Rowan was absolutely amazing! She took everything in stride.  It was three long days to us adults, but to a little child it probably felt like an eternity. There were two other families present during the education sessions.  Both were older children more typical for the onset of diabetes.  Rowan was so tiny, so innocent, and so brave.

What changed in our life?

Mental Health:  We were very overwhelmed in the beginning and really did not have time to deal with the emotions that we were feeling.  This subsided with time, increased knowledge, and new habits.  This aspect should always be addressed and is often not.

Food:  everything had to be measured with precision (we were told a small amount of error has a huge impact on her blood glucose) in order to avoid wide swings in glucose levels.

Insulin:  she did not like needles (go figure) every injection was met with resistance (Let the chase begin) Rowan didn’t know why we suddenly had to “poke” her 2-3 times daily. It broke our hearts.   

Blood testing:  Rowan didn’t mind the finger tests. Thank the lord.

Challenges:  

Toddlers are the most unpredictable eaters, so even though we’d carefully measure her meal and give her injection pre-meal we struggled with her to eat all her food, and this often resulted in last minute substitutions---usually less desirable choices.

Hypoglycemia is the “thorn” for us, and based on our own research and self discovery children under the typical onset age of 7-9 often do not feel the symptoms of hypoglycemia (The neurological system is too immature) Rowan is now 6 and is just beginning to recognize when she feels “low”

What did this mean for us?  Well a lot of sleepless nights and a complete change in her insulin regime. 

We struggled for months with her insulin regime.  There were nights she would drop low and other times where she would maintain normal readings.  There was no obvious pattern despite having the same routine and insulin/food amounts.  Very discouraging….

Then came the pump---and this greatly improved our quality of life!  The pump provided Rowan with continuous amounts of insulin 24 hours a day and required a “poke” or plastic catheter needle to be inserted every 3 days.  It provided us with the ability to safely give smaller doses of insulin to more closely match her requirements.

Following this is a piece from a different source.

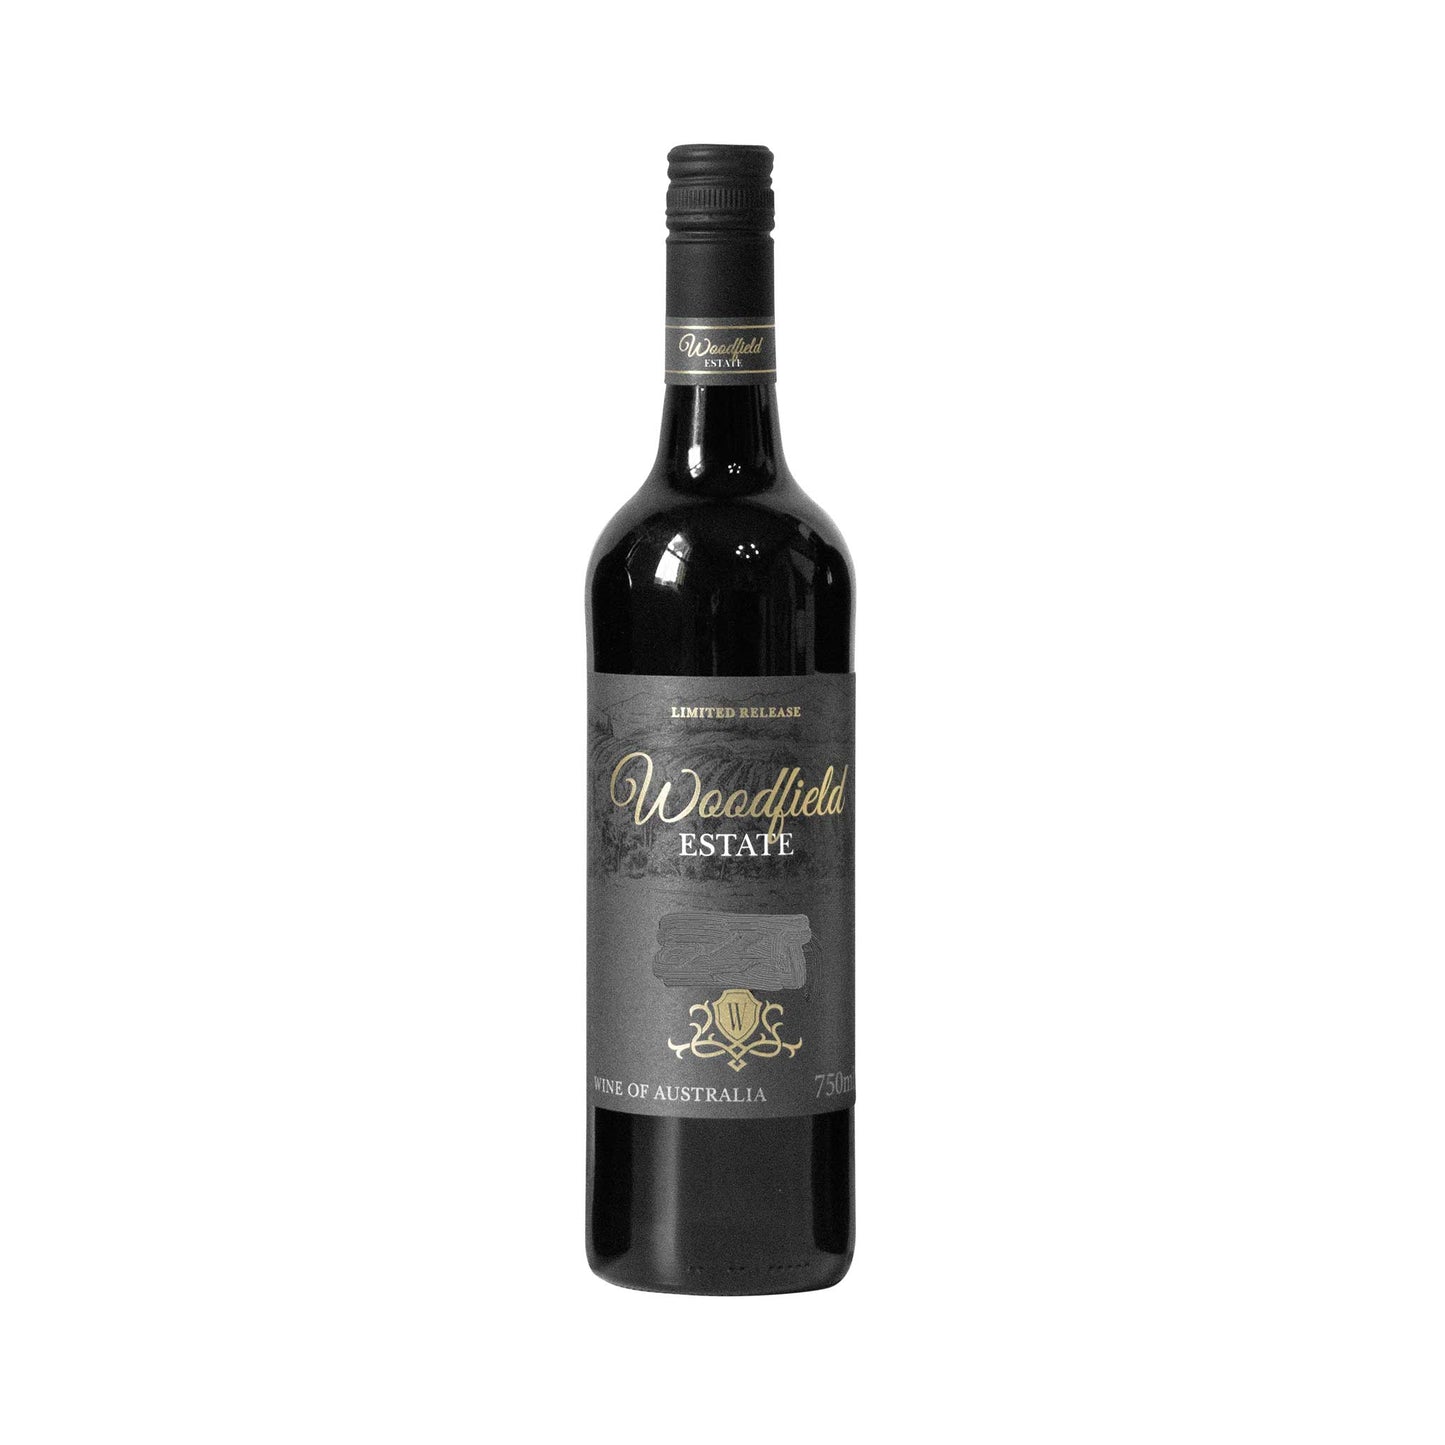 Woodfield Estate 'Limited Release' Yarra Valley Cabernet Shiraz 2019 - Frankies Pantry and Cellar
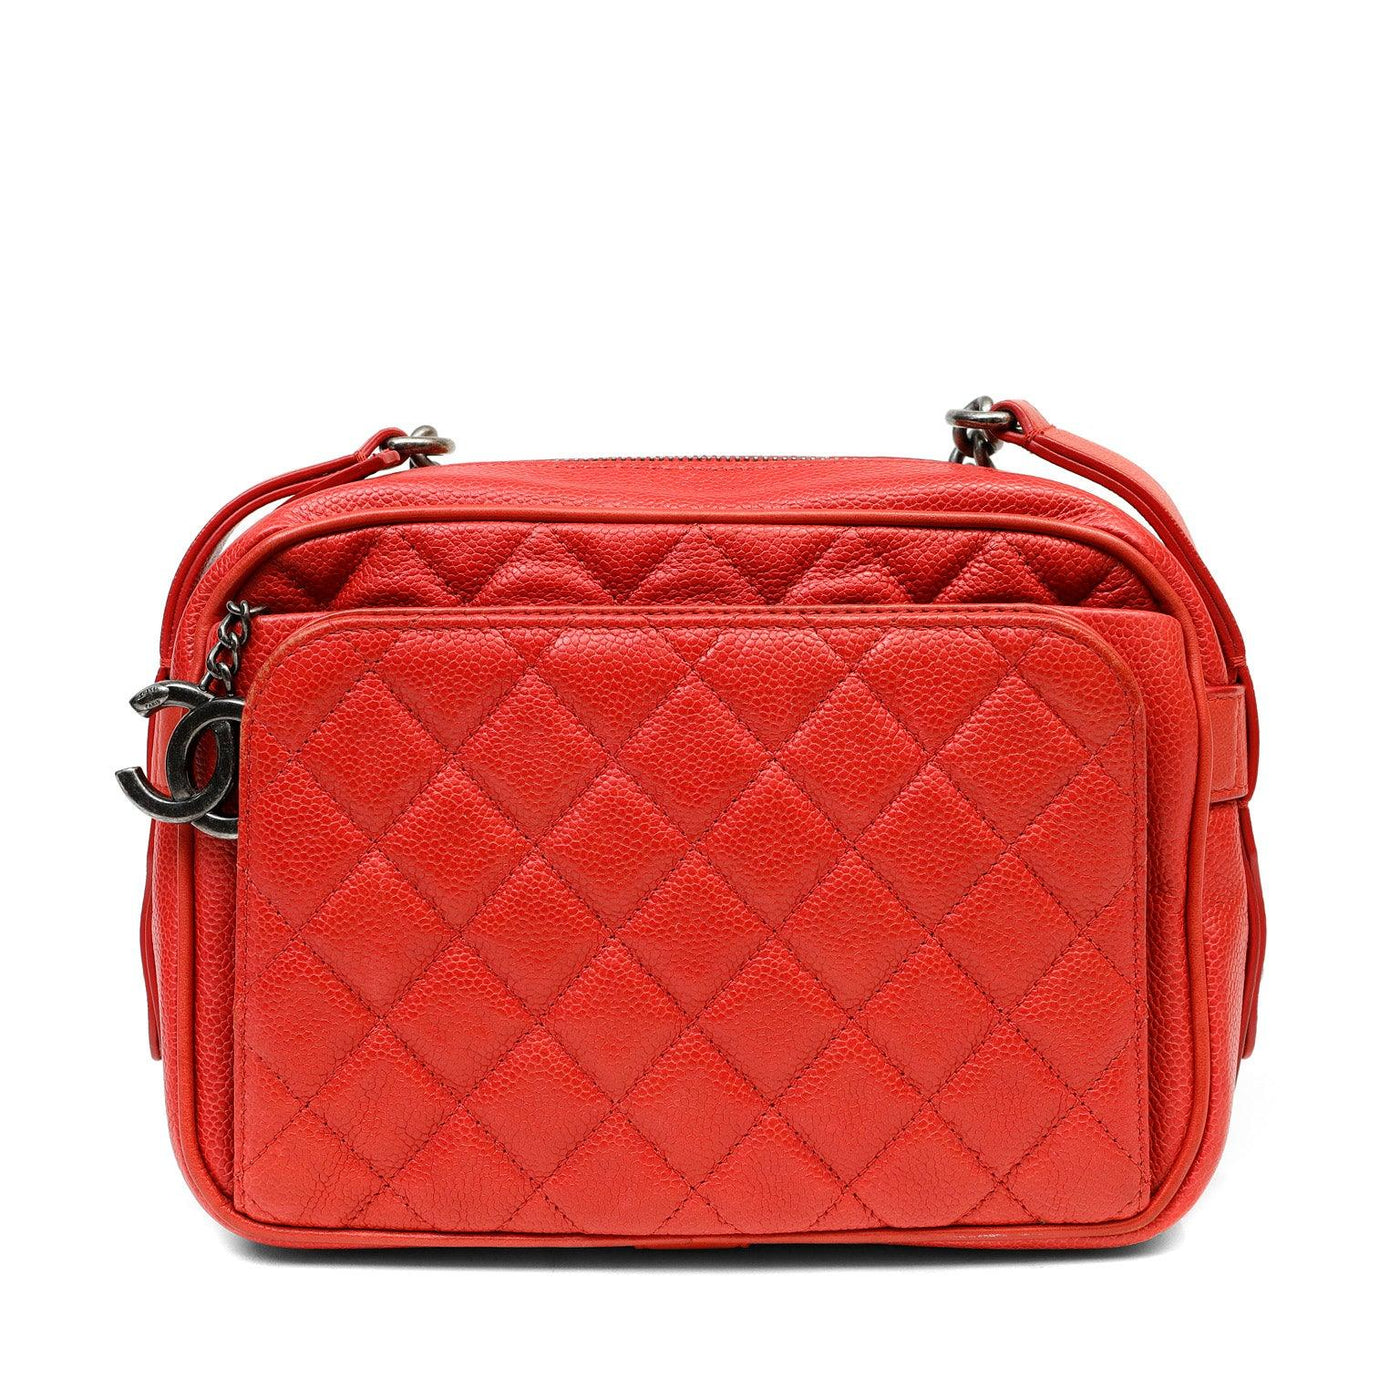 Chanel Red Caviar Leather Crossbody Bag - Only Authentics

It has also been proven to lower the risk of night time lows---which we can contest to.  

In summary: 
-Deal with the emotions----or they will deal with you.
-Learn all you can about your particular type or your child’s type of diabetes
-Consider the best therapy (insulin pump, pills, combination) for your diabetes. 
-In the beginning it may seem insurmountable but with time, effort, understanding, trial       and error, you will manage to effectively cope with diabetes. 
-Do not blame yourself if the numbers aren’t normal----simply ask “why, and what”
Why is the reading low?  To active, to much insulin, didn’t finish eating….
What caused the off reading?   Sick, stressed, forgot to bolus….
Most often you can attribute it to something and learn from it. 

Day-to-day life with diabetes is a challenge, and that’s how I view it, a challenge, something to beat, or manage successfully to avoid long term complications.